== SUPPLIED DATA ==
-------
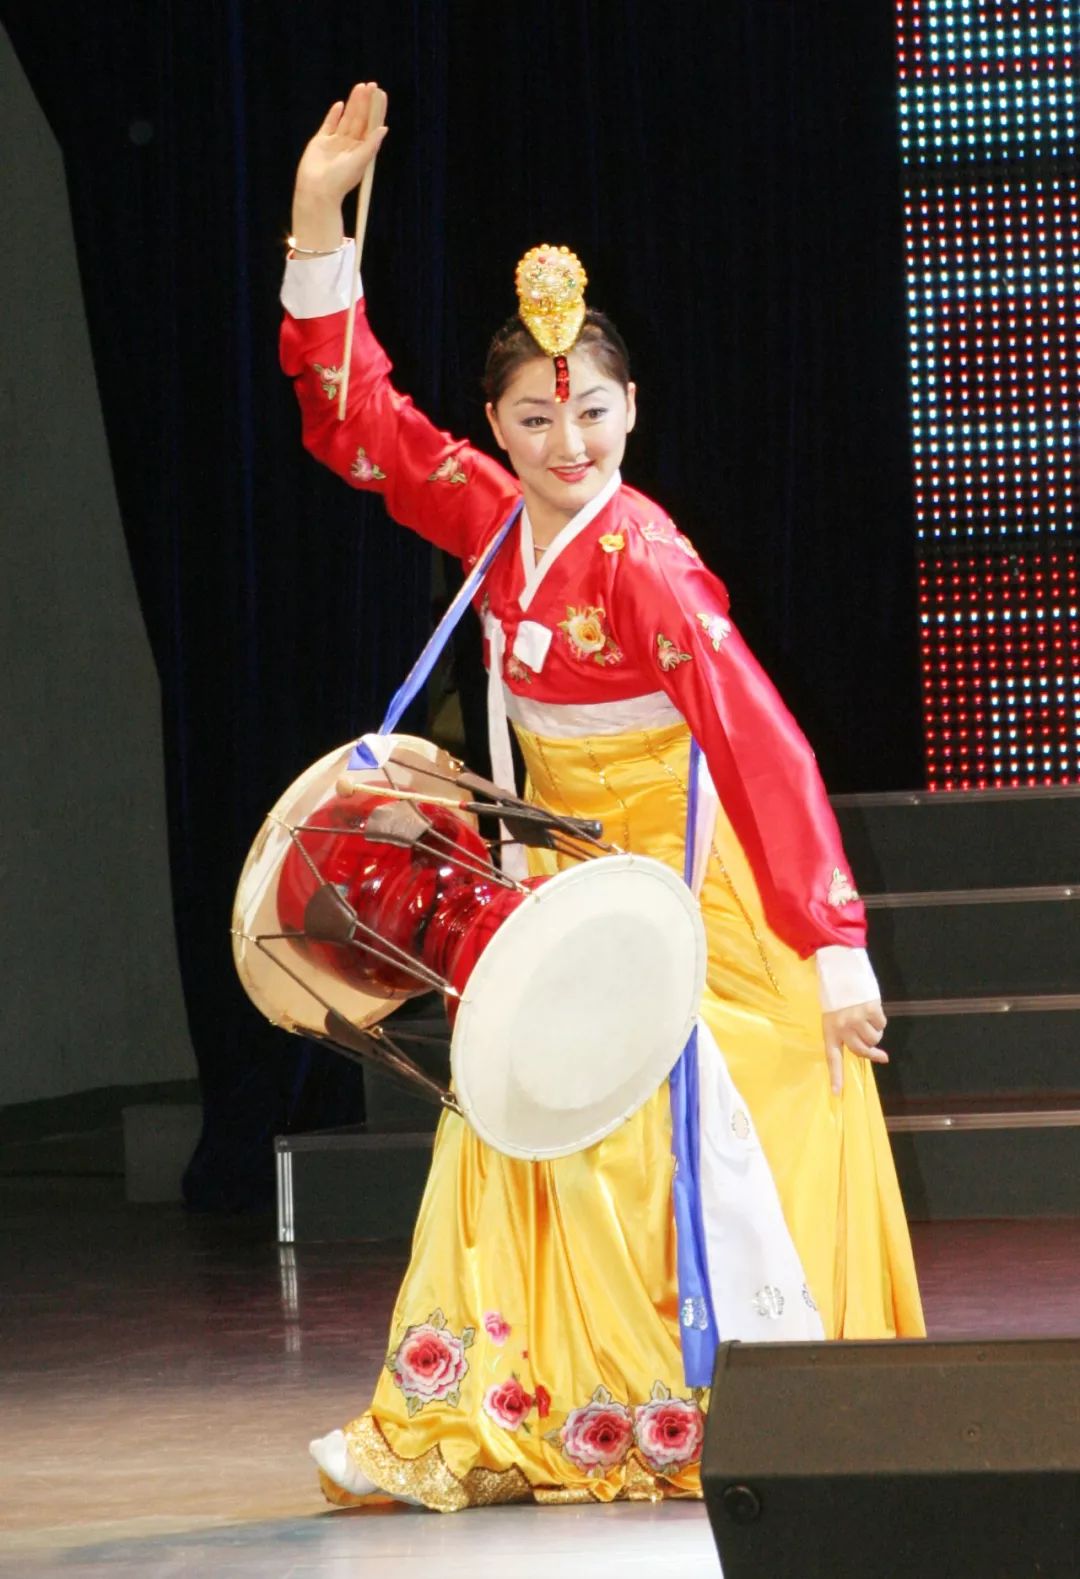 这个历史悠久的朝鲜族舞蹈,终于亮相了!
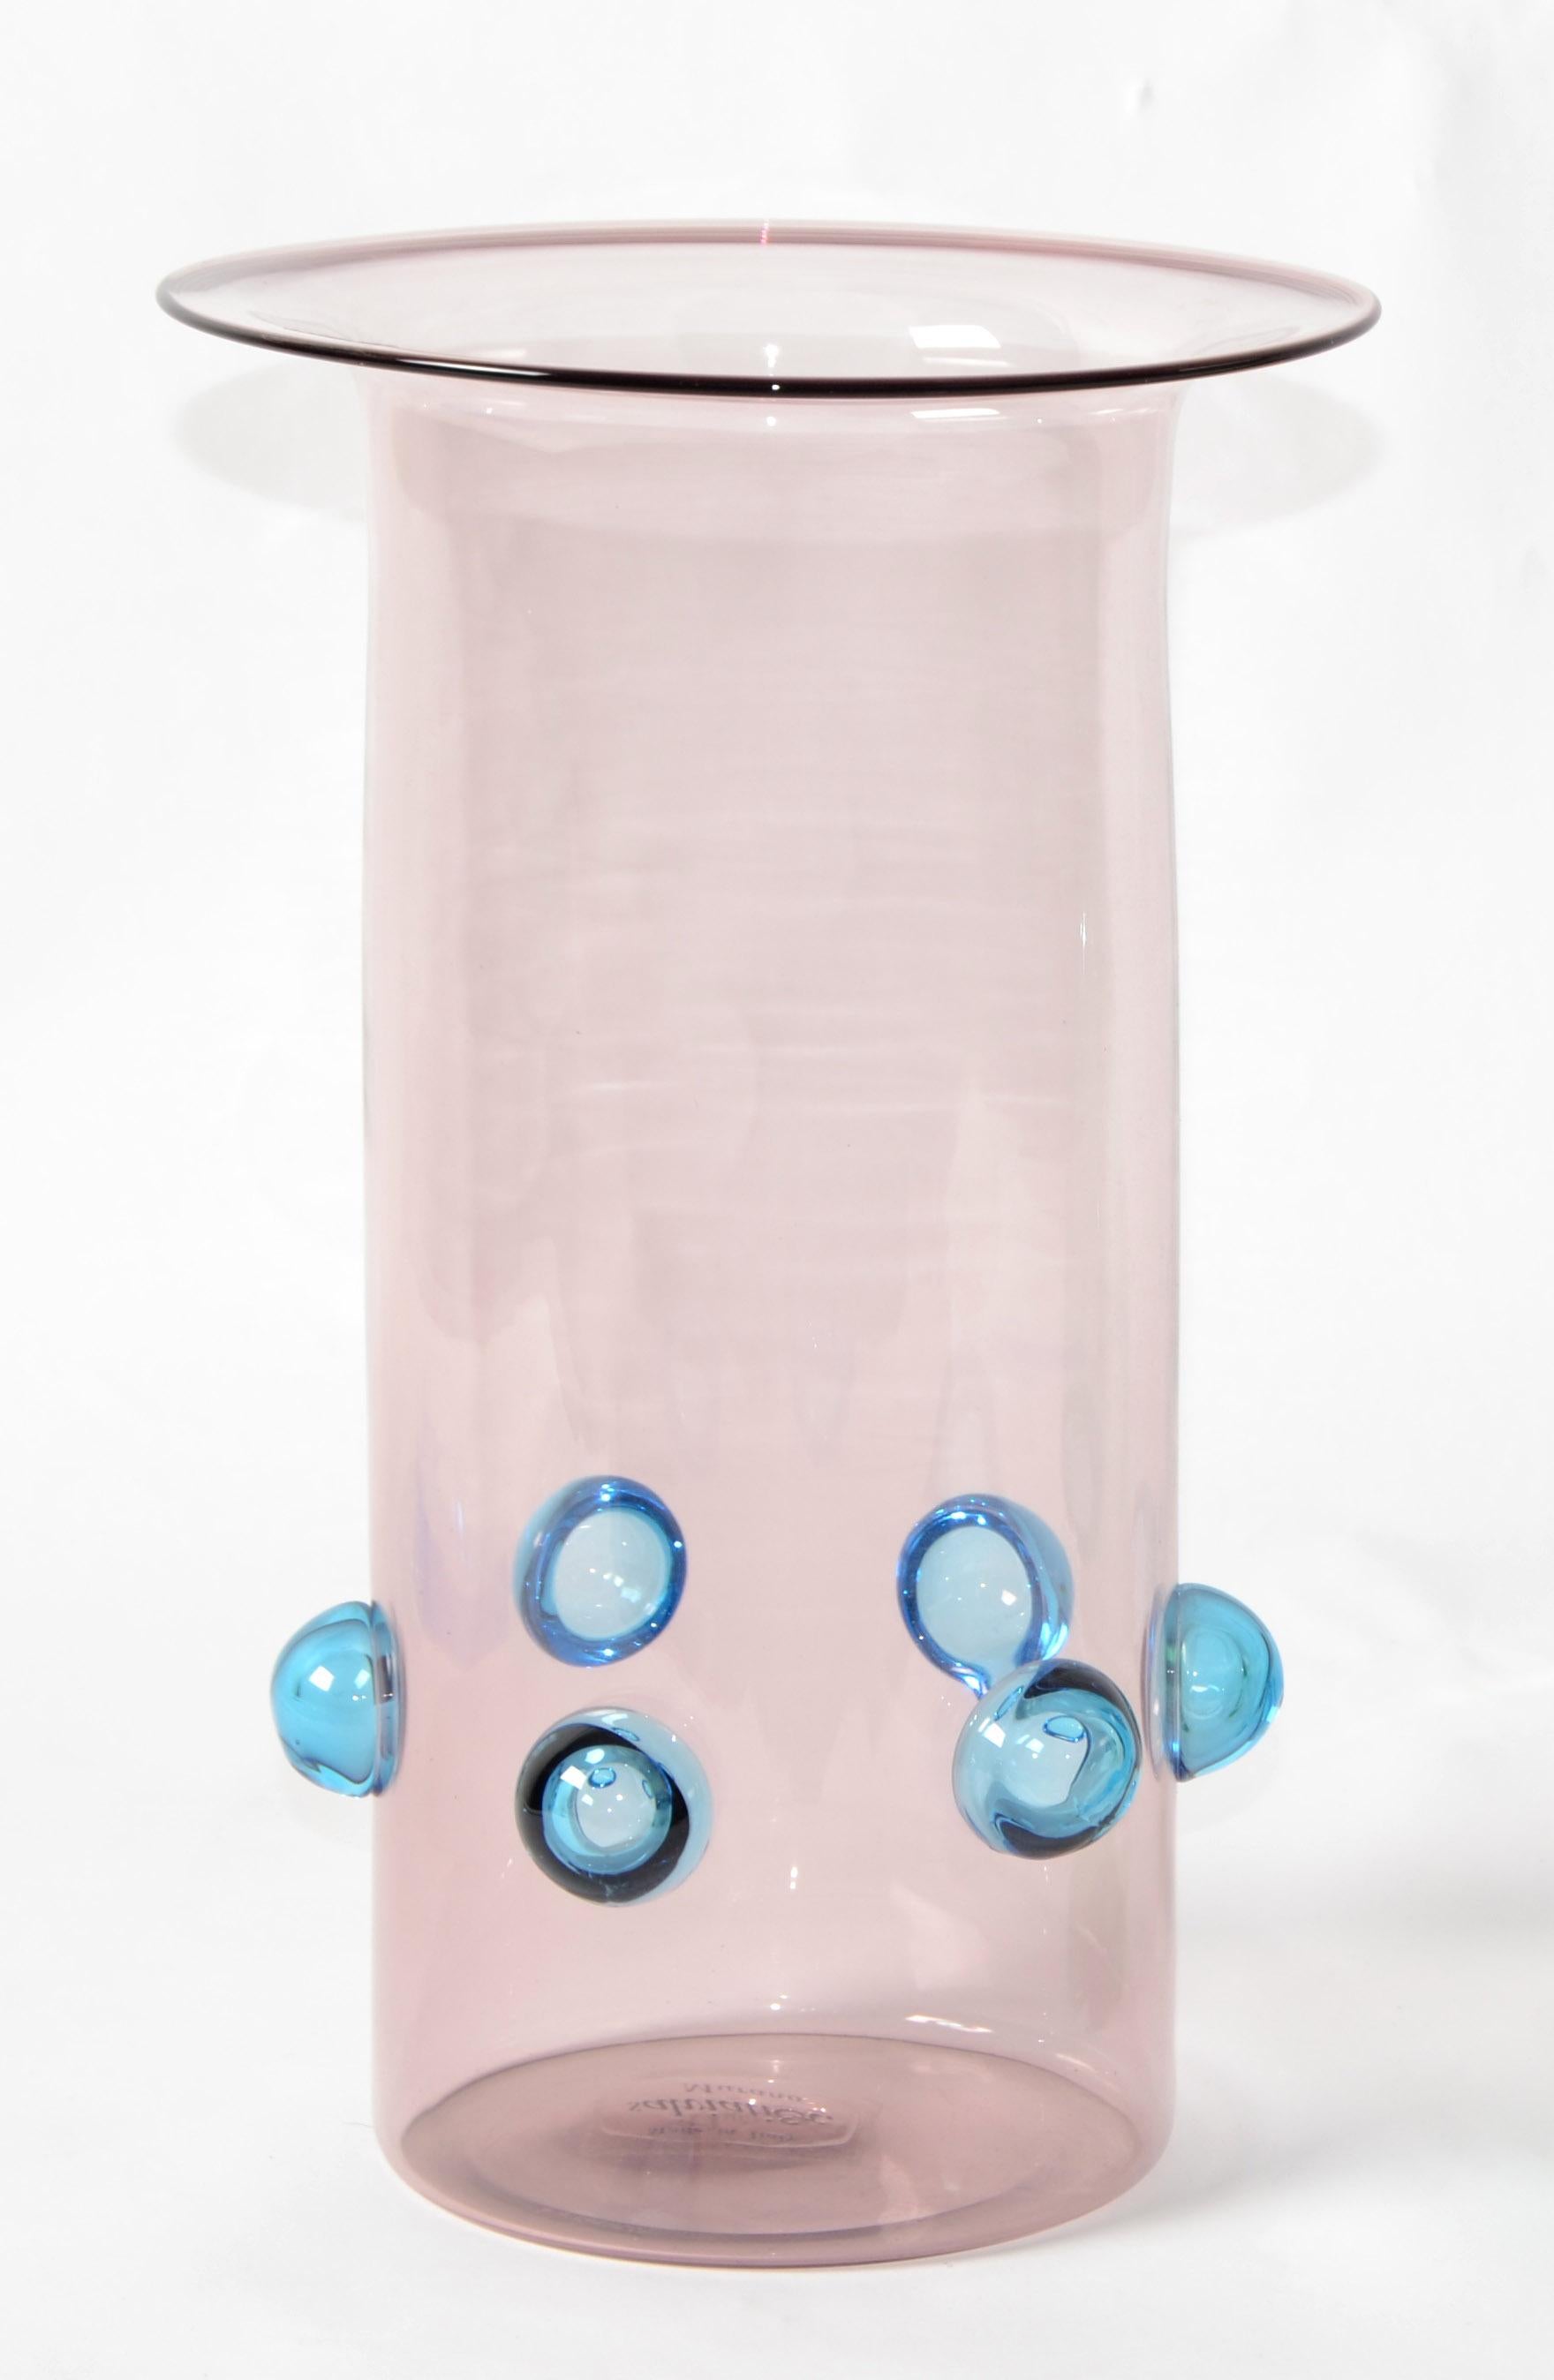 Einzigartige Luciano Gaspari mundgeblasenes Kunstglas Zylinderförmige Vase in hellrosa mit einem Kreis von blauen Blasen um, für Salviati Murano, Venedig gemacht.
Italienisches Mid-Century Modernes hochqualifiziertes handwerkliches Glashandwerk,
-------
== WHAT IS NEEDED ==
Leave the images out as you retype each line of the material exactly.

== RESULT ==
 这个历史悠久的朝鲜族舞蹈,终于亮相了!
 Einzigartige Luciano Gaspari mundgeblasenes Kunstglas Zylinderförmige Vase in hellrosa mit einem Kreis von blauen Blasen um, für Salviati Murano, Venedig gemacht.
Italienisches Mid-Century Modernes hochqualifiziertes handwerkliches Glashandwerk,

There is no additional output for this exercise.